### [Work required]
Could you repeat the listing below exactly while leaving its pictures behind?

### [Data section]
--------

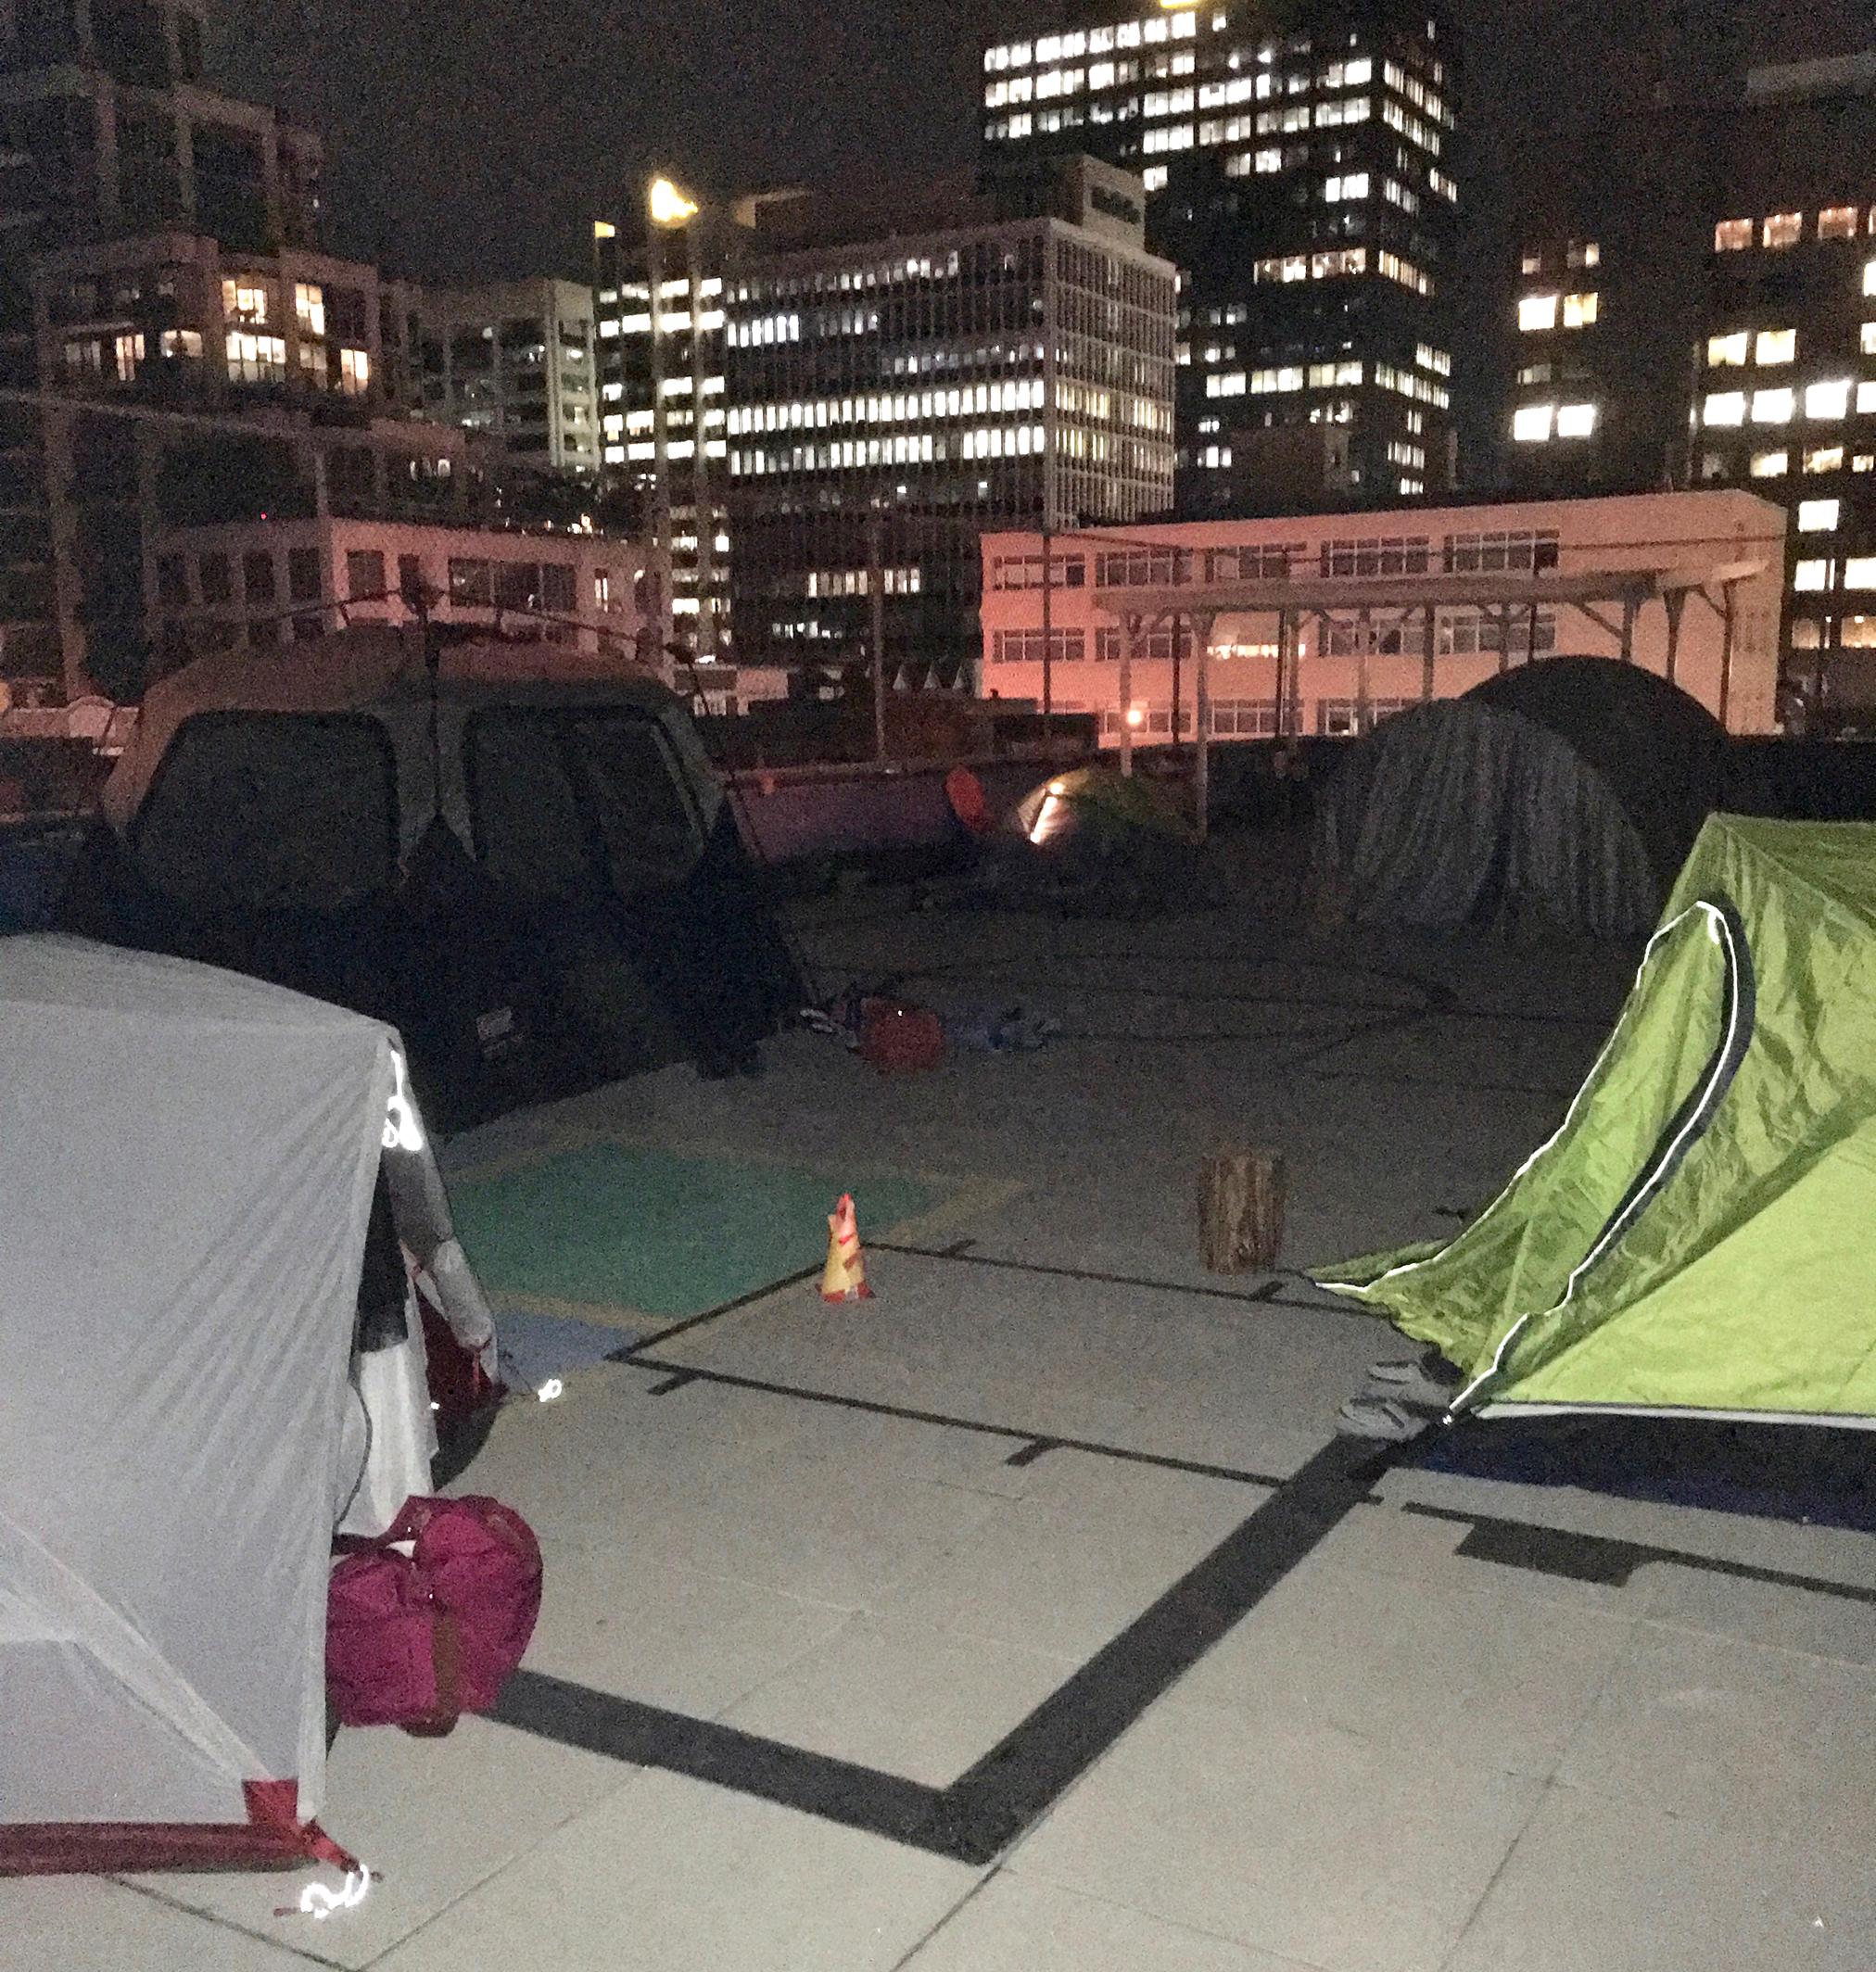 Camping2018_7.jpg
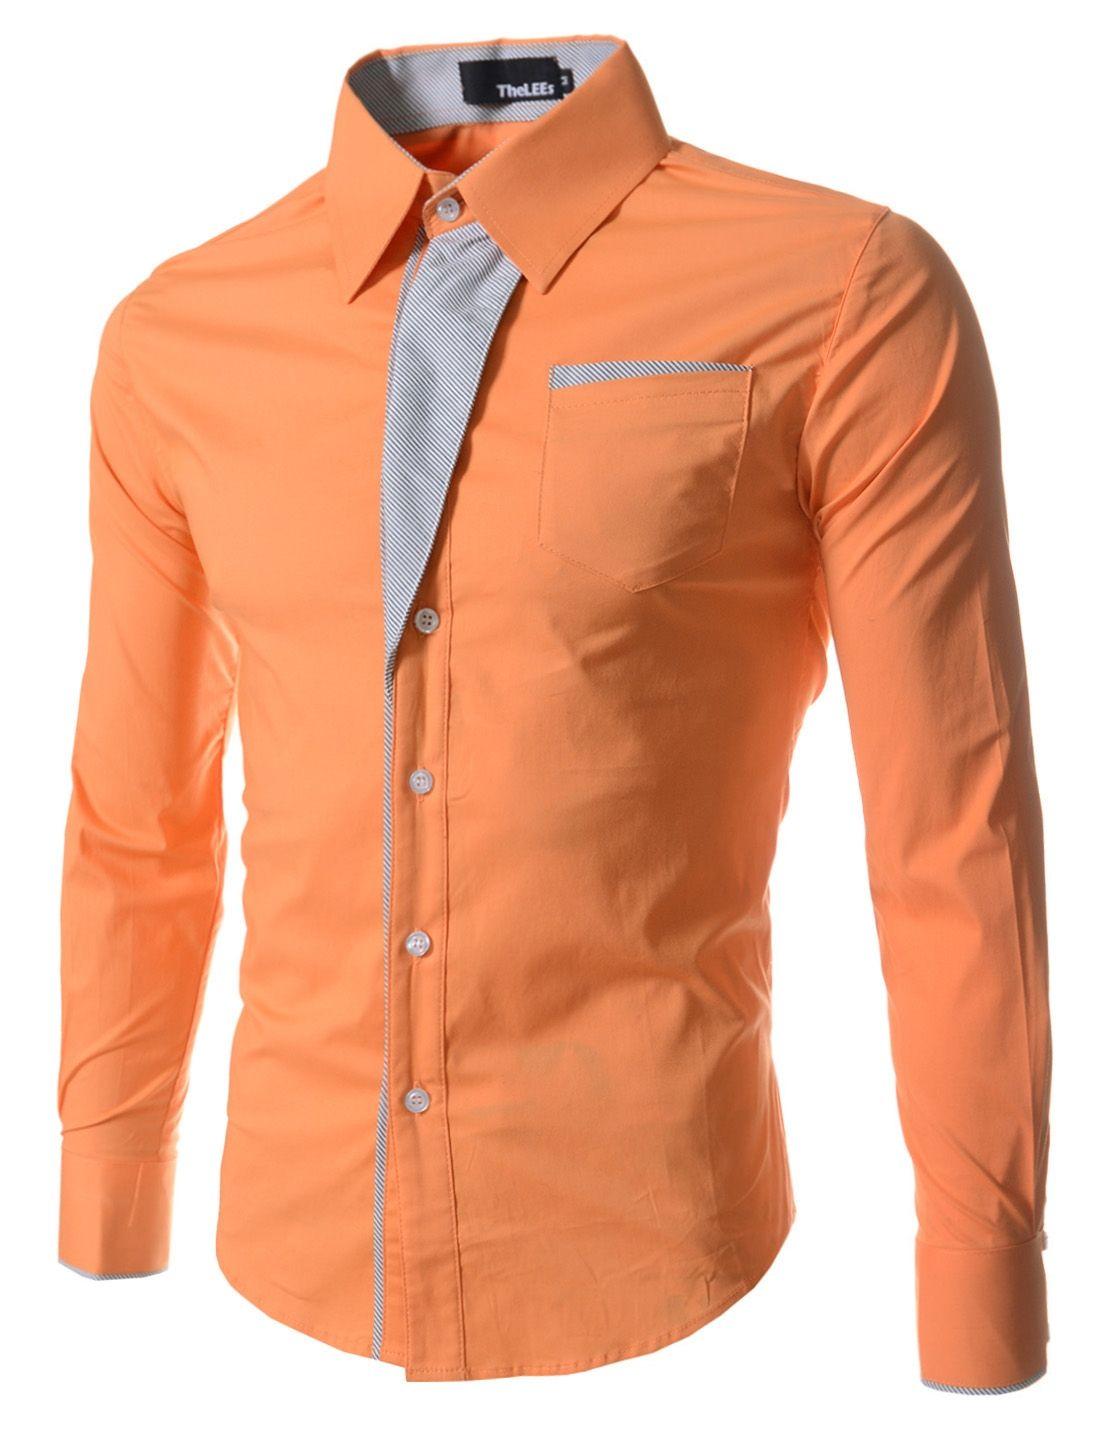 Brand new Korean business fashion clothing for men. Slim fit
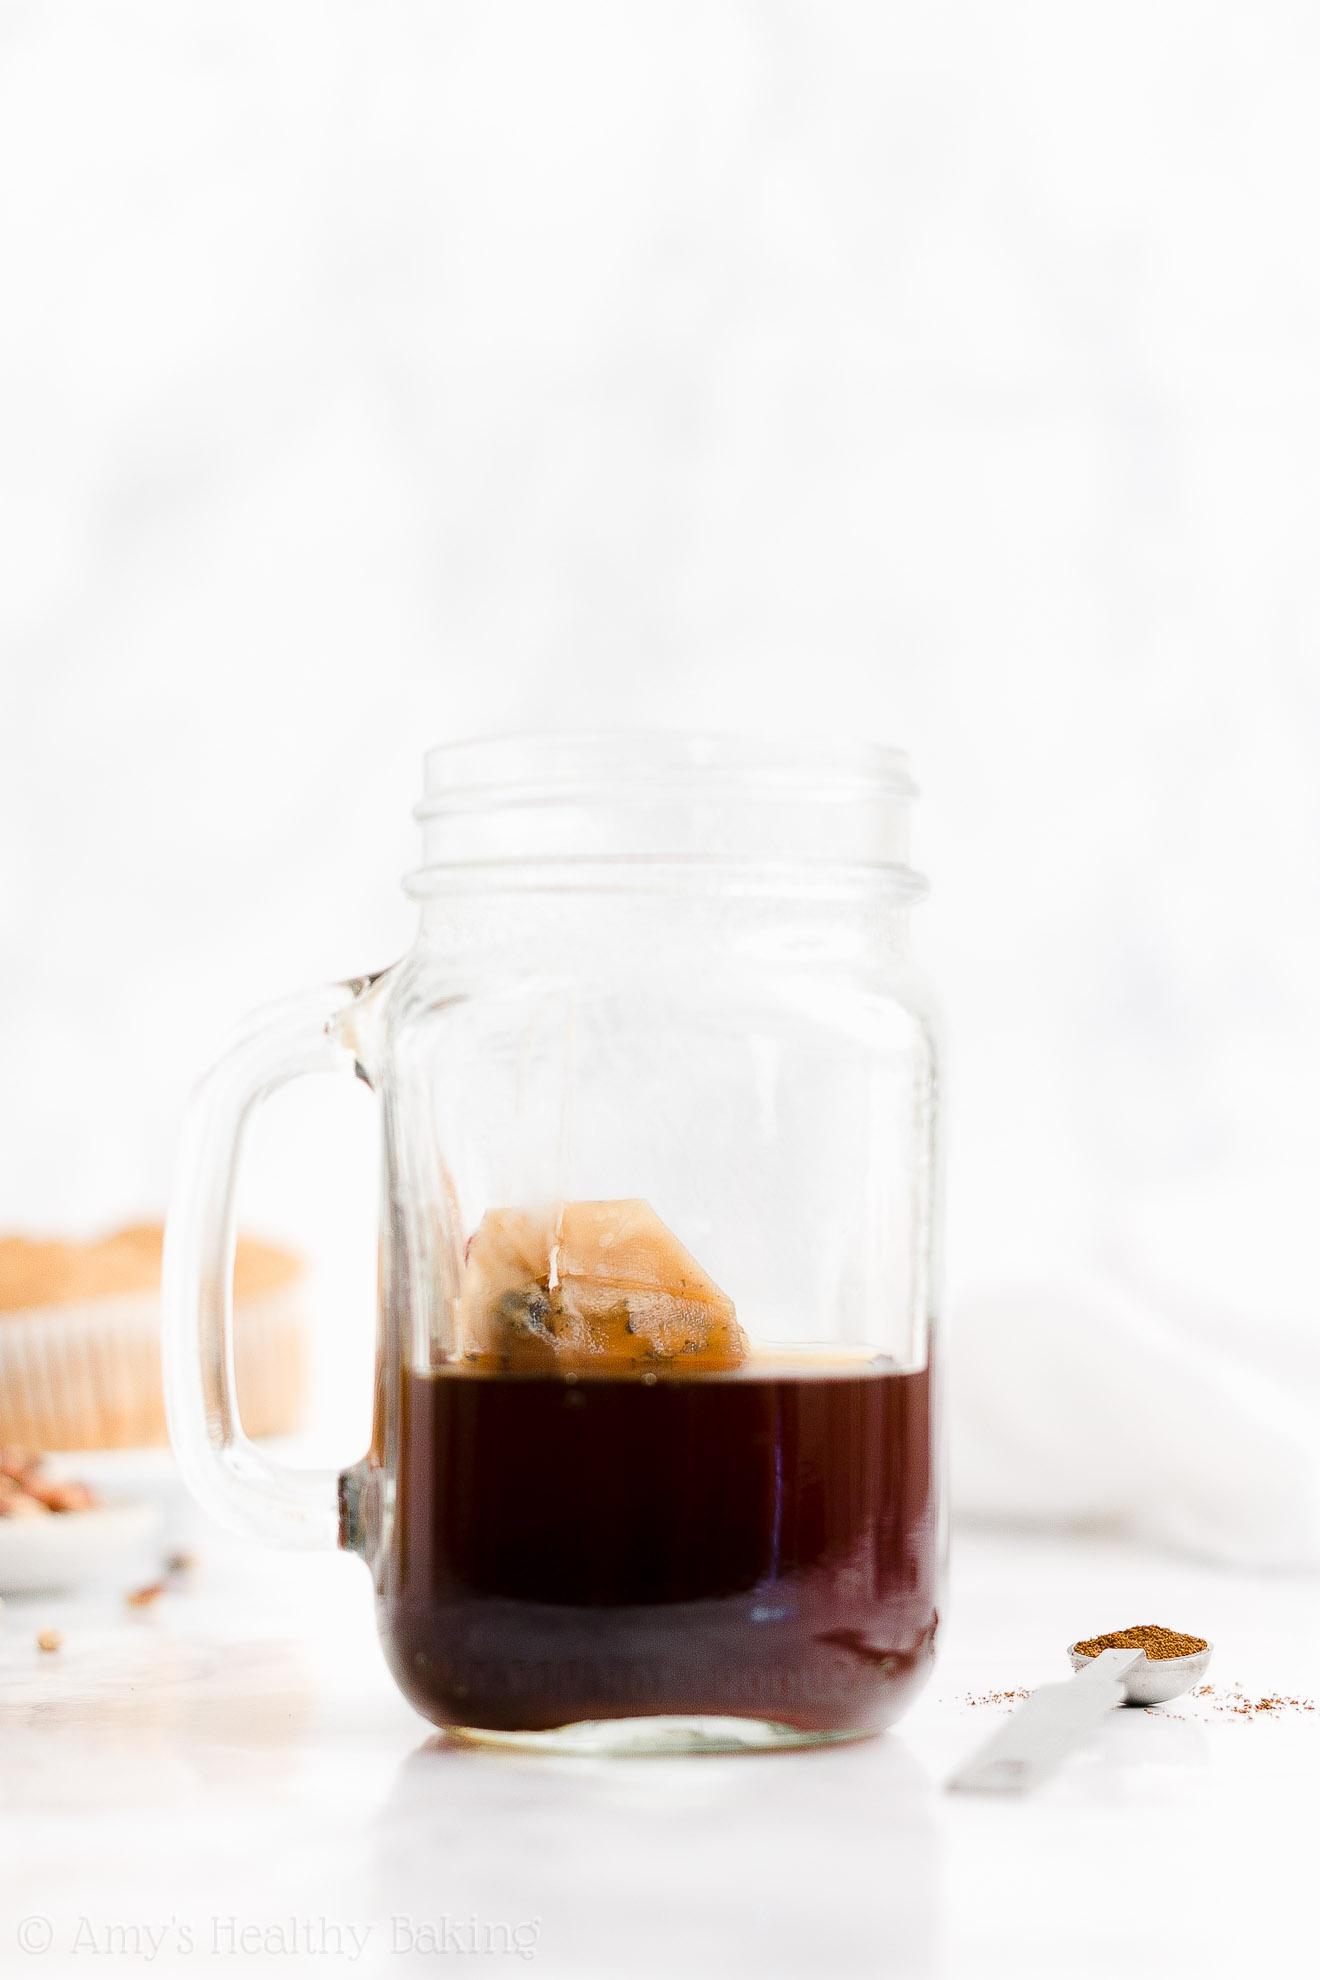 BEST EVER Easy Healthy Homemade Vegan Almond Milk Eggnog Chai Latte

--------

### [Task solution]
 Camping2018_7.jpg
 Brand new Korean business fashion clothing for men. Slim fit
 BEST EVER Easy Healthy Homemade Vegan Almond Milk Eggnog Chai Latte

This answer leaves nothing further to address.